Bae, JH, Bassenge, E, Lee, HJ, Park, KR, Park, CG, Park, KY, Lee, MS, Schwemmer, M
Atherosclerosis. 2001;(1):165-71
Abstract
We analyzed vascular responses (endothelial function, oxidant stress) to postprandial hypertriglyceridemia (PHTG) in patients with coronary artery disease (CAD) to reveal potential therapeutical effects of angiotensin converting enzyme inhibition (ACE-I) and of lipid lowering (fibrate). The study population (n=39, mean age: 60 years) consisted of four groups, all of which had angiographically documented CAD. A high fat group (n=9) consumed a high fat meal, a low fat group (n=9) a low fat meal, and ACE-I (n=10) or fibrate (n=11) groups consumed a high fat meal plus lisinopril or fenofibrate.
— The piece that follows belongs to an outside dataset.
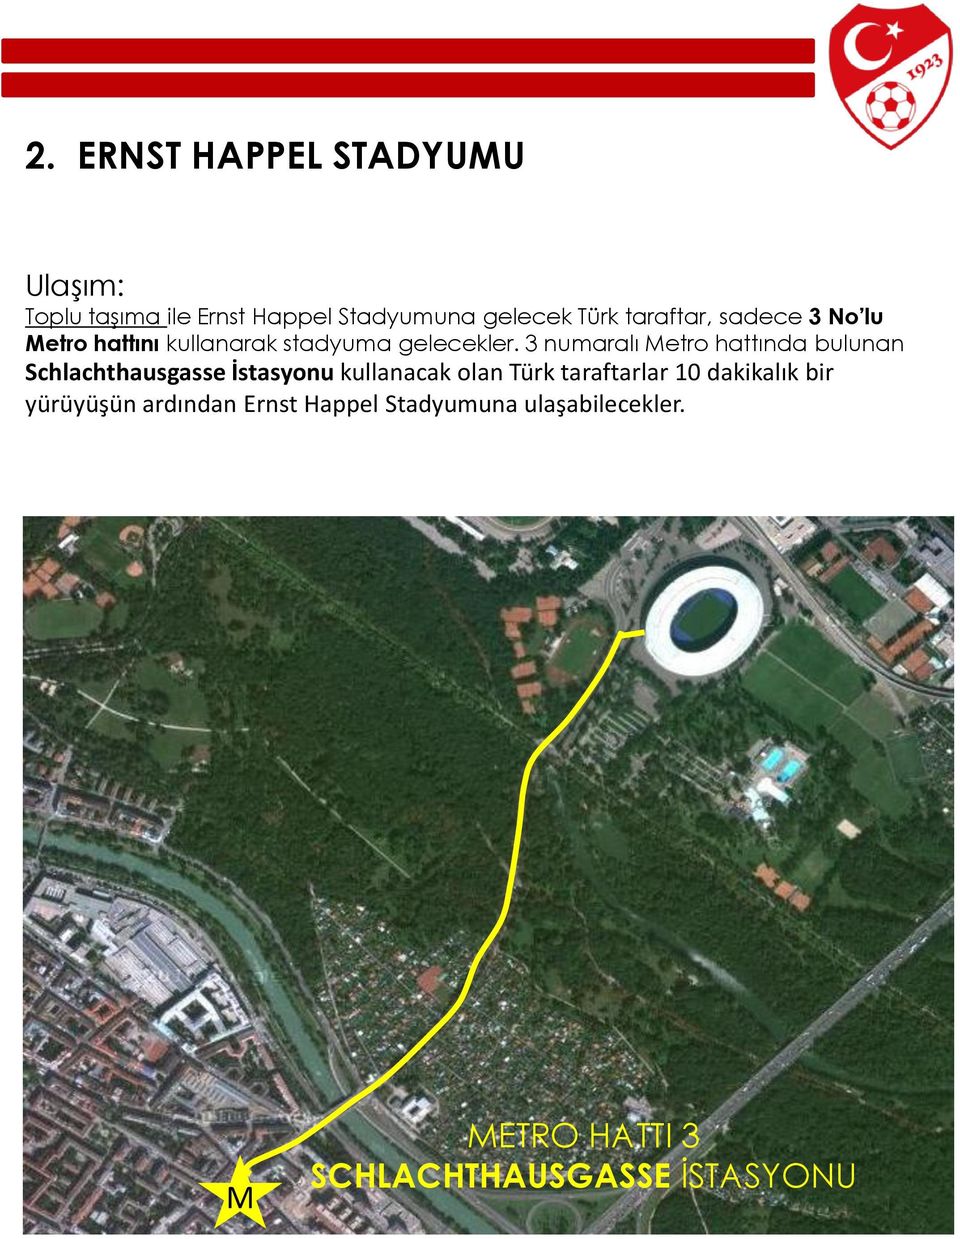 3 numaralı Metro hattında bulunan Schlachthausgasse İstasyonu kullanacak olan Türk

Serum triglycerides (TG) increased significantly 2 h after eating a test meal in all groups with the exception of the low fat group. In the high and low fat groups changes of serum TG were positively correlated (r=0.664, P<0.005) with changes of phorbol ester-activated leukocyte superoxide anion radical (O(2-.)) formation and were negatively correlated (r=-0.488, P<0.05) with flow-mediated brachial artery dilation (FMD). There was a negative correlation (r=-0.419, P=0.094) between FMD and changes of O(2-.) formation in the high and low fat groups. In the ACE-I and fibrate groups, O(2-.) formation decreased 2 h after eating a test meal (from 5.34+/-1.01 to 3.81+/-1.15 nmol/10(6)cells per min, P<0.01, and from 4.66+/-0.91 to 4.26+/-0.97 nmol/10(6)cells per min, P=0.374, respectively). However, endothelial function did not show any significant changes 2 h after eating a test meal in all groups. PHTG increases oxidant stress and further deteriorates endothelial function, even in patients with CAD. Both ACE-I and fibrates have an antioxidant effect but no acute beneficial effects in terms of endothelial function under conditions of PHTG in CAD patients.